Отто попытался облечь в слова новый, ныне отчаянный и даже переходящий в агрессию протест, но у него вырвался лишь сиплый надсадный вопль. Он затрепыхался подо мной, пытаясь высвободиться, но я зажал его, словно в тиски. Я замер, и он, в свою очередь, прекратил извиваться.

— Стисни зубы, Отто, — сказал я. — Красота требует жертв. — Я начал новую серию рывков, и теперь точно знал, что сделал так не ради смягчения причиняемой этим боли, а ради боли как таковой, и еще — чтобы услышать в его голосе головокружительное, чарующее свидетельство этой боли и увидеть корчи его беззащитного тела.

— Ты что!.. Ты что!.. — вопил Отто, мотая головой из стороны в сторону, — он бился так, что чуть не вышиб меня из седла.

И опять я притих.

— Боже мой, Отто, каких-нибудь четверть часа, — отвечал я сквозь стиснутые зубы. Я сомневался, хватит ли у меня самообладания на очередную паузу, — то есть кашу нужно было расхлебать как можно убедительней…

— Я знаю, чего мне хочется, Отто, — торжественно возвестил я. — А вот знаешь ли ты, чего ты хочешь? Ты видел сумку, с которой я пришел?
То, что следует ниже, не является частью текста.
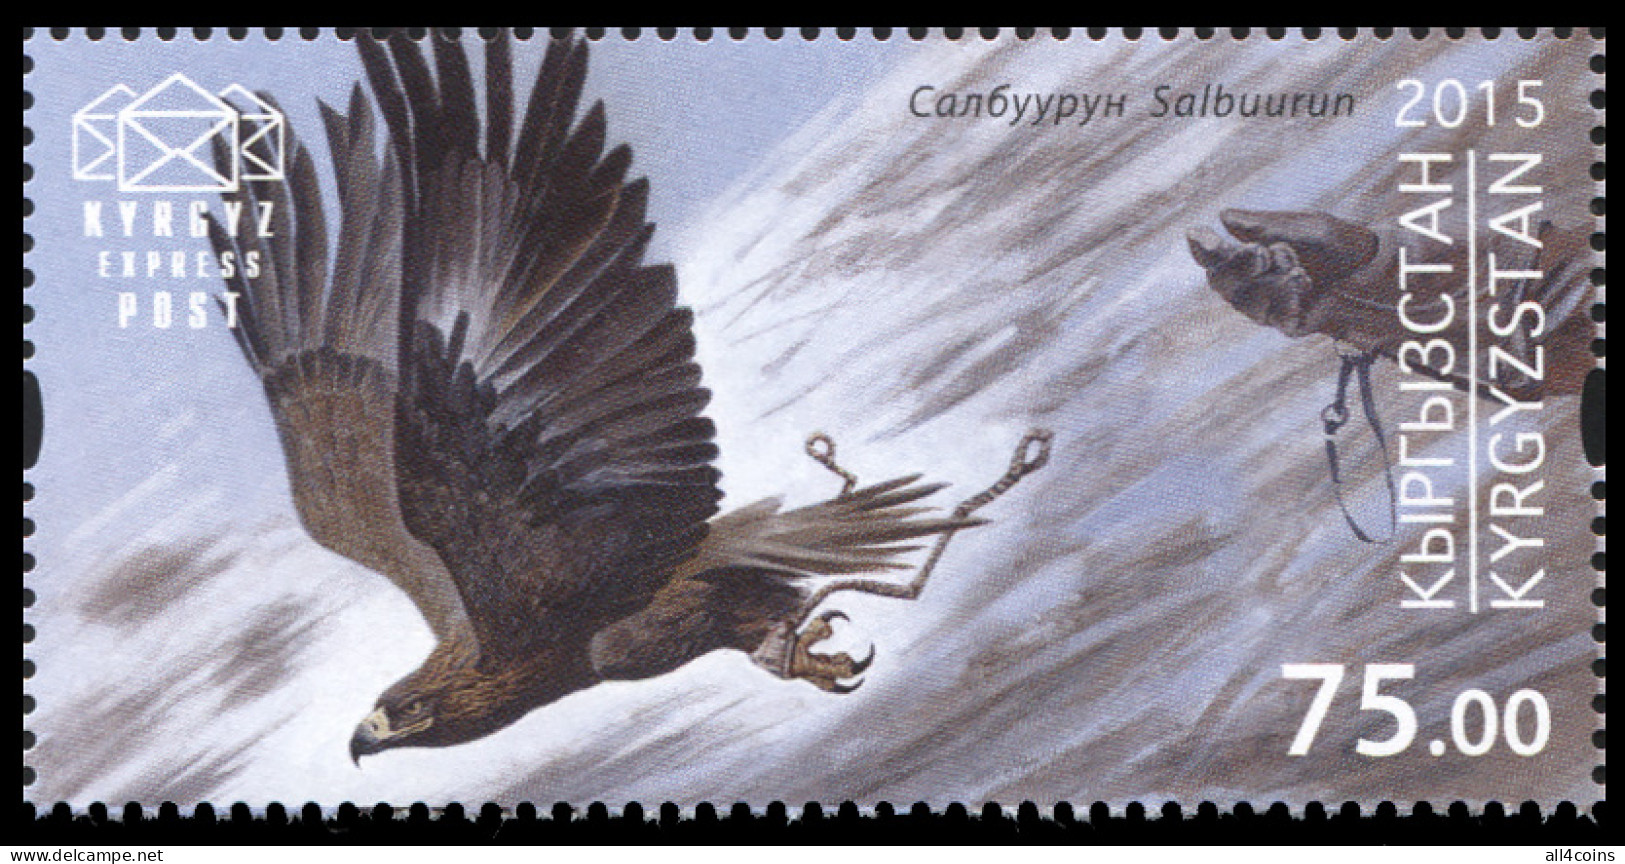 Kyrgyzstan 2015. Salburuun. Soaring Falcon (MNH OG) Stamp - Kyrgyzstan

— Я… я с ума сойду!.. — охнул Отто.

— Я с радостью с тебя соскочу, парень, — нежно проворковал я. — Но в этой сумке я принес с собой хлыст для мальчиков. Такой испанский. Шестьдесят два сантиметра длиной, шесть миллиметров толщиной. — Ничего подобного у меня с собой не было, но побасенки эти приделали моему желанию пару крылышек. — Розга для наказаний, Отто, розга для гадких мальчишек… Ты чего хочешь? Мою любовную дубинку, или дубинку, которой бьют, — чтобы кровушка по твоим ляжечкам потекла?.. Выбирай же поскорей, что душе твоей милей… — Я дал Отто прочувствовать короткий, но мощный рывок.

— Ты… ты негодяй!.. — простонал Отто, бессильно вздергивая голову.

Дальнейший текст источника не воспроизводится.